My favorite was suggesting that people select the programming language based of which ones LLMs are best at. People who need an LLM to write code might do that, but no experienced developer would. There are too many other legitimate considerations.

If an LLM improves coding productivity, and it is better at one language than another, then at the margin it will affect which language you may choose.

At the margin means that both languages, or frameworks or whatever, are reasonably appropriate for the task at hand. If you are writing firmware for a robot, then the LLM will be less helpful, and a language such as Python or JS which the LLM is good at is useless.

But Thomas's point is that arguing that LLMs are not useful for all languages is not the same as saying that are not useful for any language.

If you believe that LLM competencies are not actually becoming drivers in what web frameworks people are using, for example, you need to open your eyes and recognize what is happening instead of what you think should be happening.

(I write this as someone who prefers SvelteJS over React - but LLM's React output is much better. This has become kind of an issue over the last few years.)

  • I'm a little (not a lot) concerned that this will accelerate the adoption of languages and frameworks based on their popularity and bury away interesting new abstractions and approaches from unknown languages and frameworks.

    Taking your react example, then if we we're a couple years ahead on LLMs, jQuery might now be the preferred tool due to AI adoption through consumption.

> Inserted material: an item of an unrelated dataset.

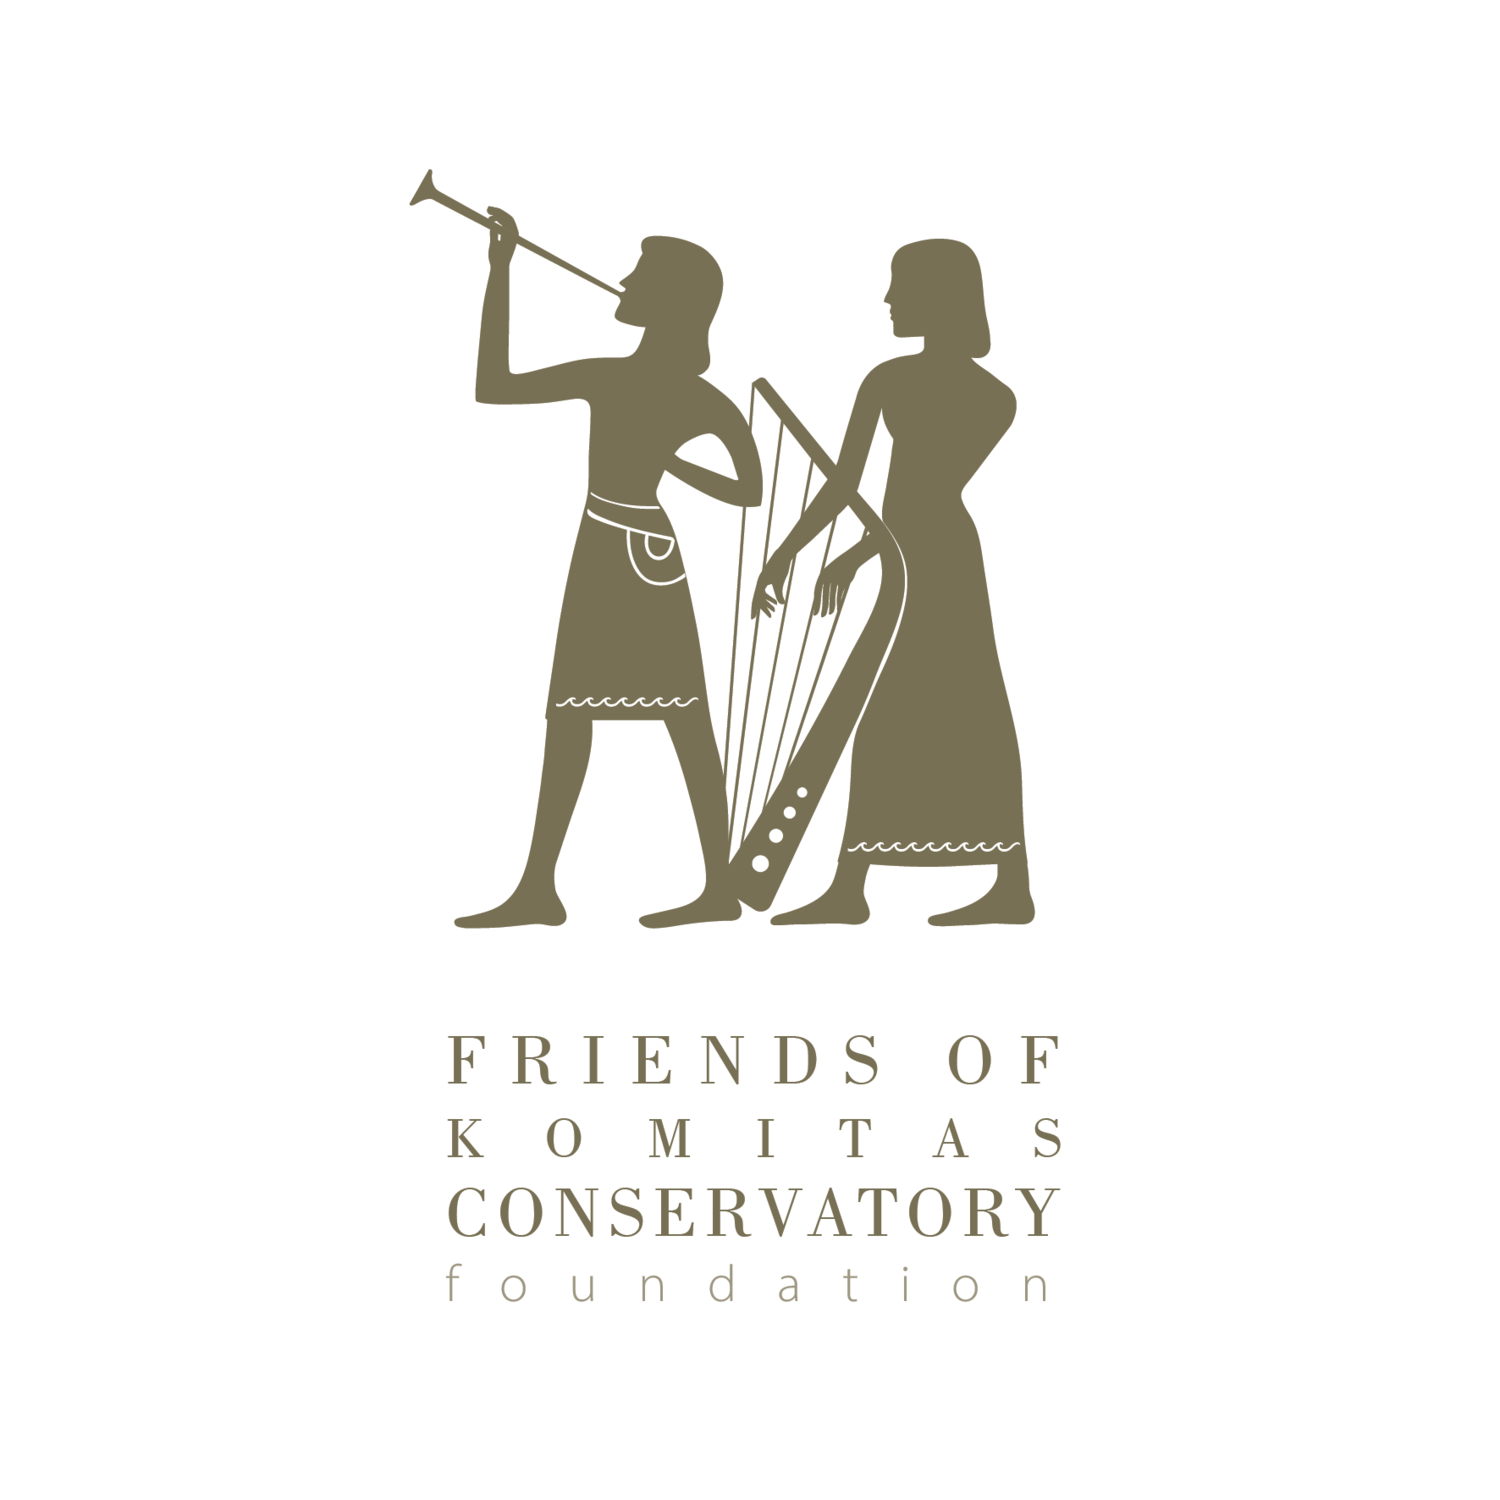 Friends of Conservatory Foundation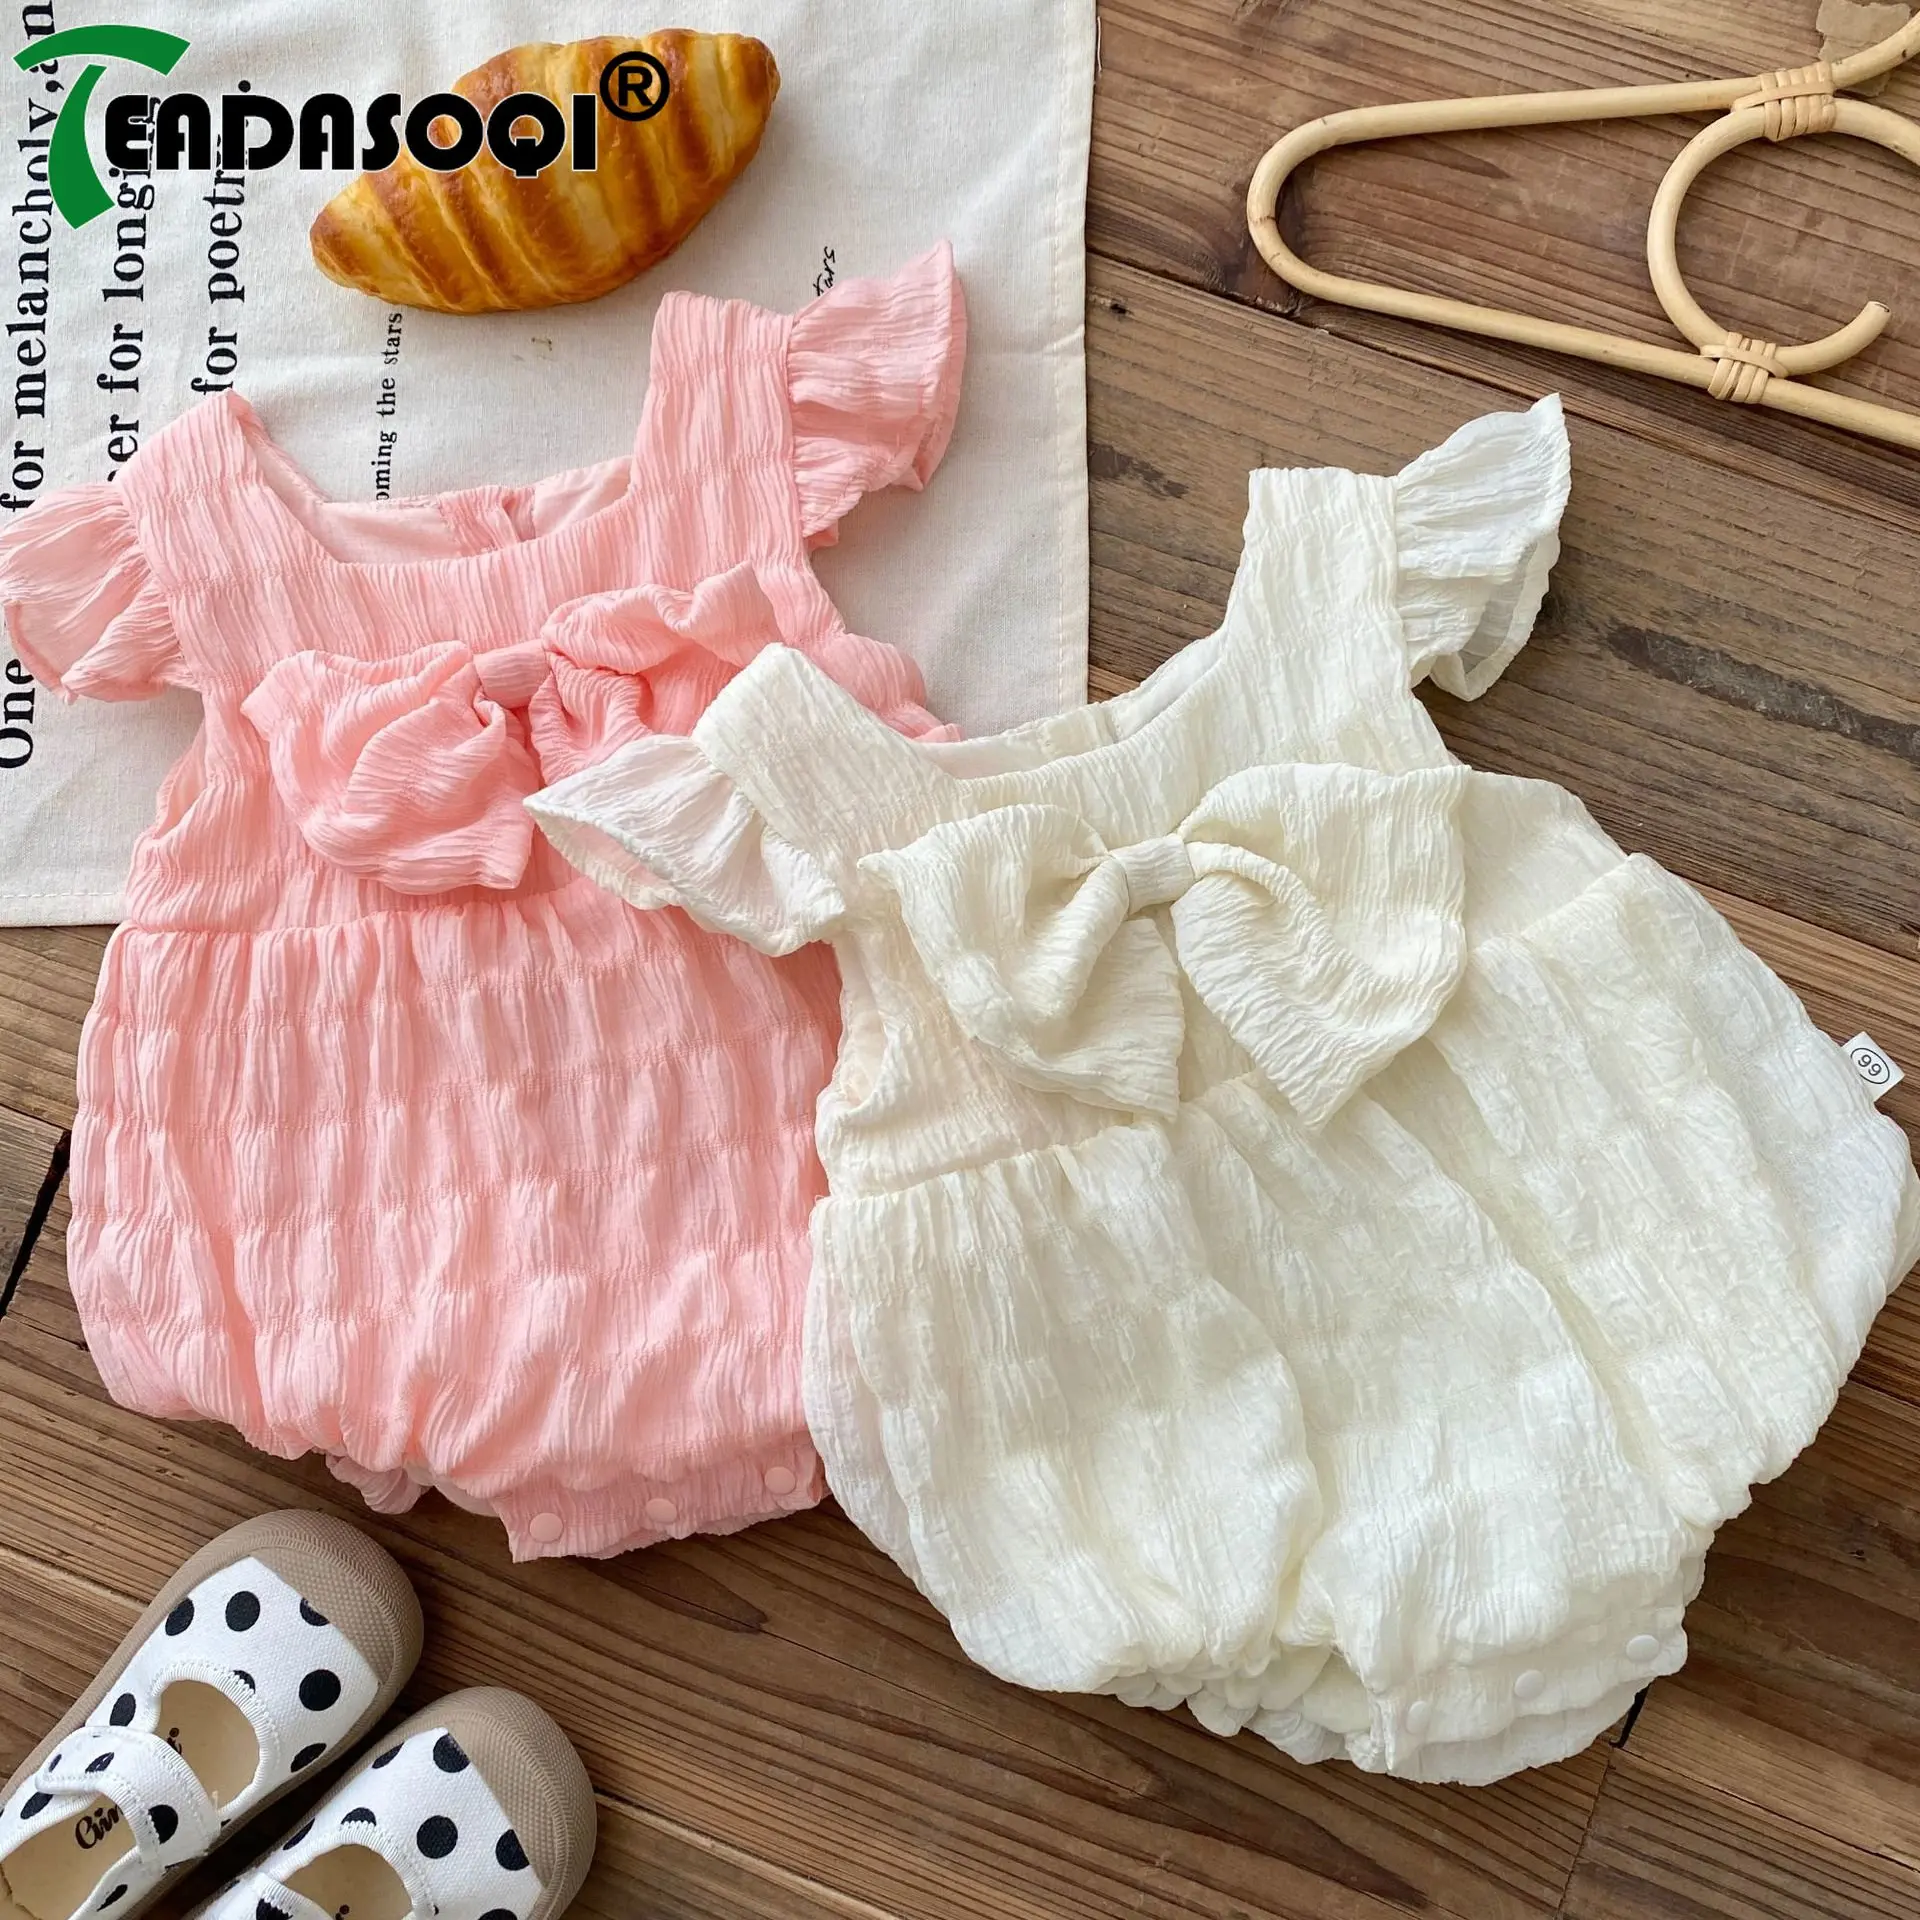 

Summer New In One-pieces Bodysuits 유아복 Newborn Baby Girls Fly Sleeve Bow Bud Cotton Outwear Infant Kids Princess Cute Clothing

    You can apply this to other fields too. It's quite possible that AIs will make movies, but the only reliably well produced ones will be superhero movies... (I'm exaggerating for effect)

    Could AI be the next Cavendish banana? I'm probably being a bit silly though...

    • > I'm a little ... concerned that this will accelerate the adoption of languages and frameworks based on their popularity and bury away interesting new abstractions and approaches...

      I'd argue that the Web development world has been choosing tooling based largely on popularity for like at least a decade now. I can't see how tooling selection could possibly get any worse for that section of the profession.

      8 replies →

People make productivity arguments for using various languages all the time. Let's use an example near and dear to my heart: "Rust is not as productive as X, therefore, you should use X unless you must use Rust." If using LLMs makes Rust more productive than X, that changes this equation.

Feel free to substitute Y instead of Rust if you want, just I know that many people argue Rust is hard to use, so I feel the concreteness is a good place to start.

Maybe they don’t today, or up until recently, but I’d believe it will be a consideration for new projects.

Is certainly true that at least some projects choose languages based on or at least influenced by how easy it is to hire developers fluent in that language.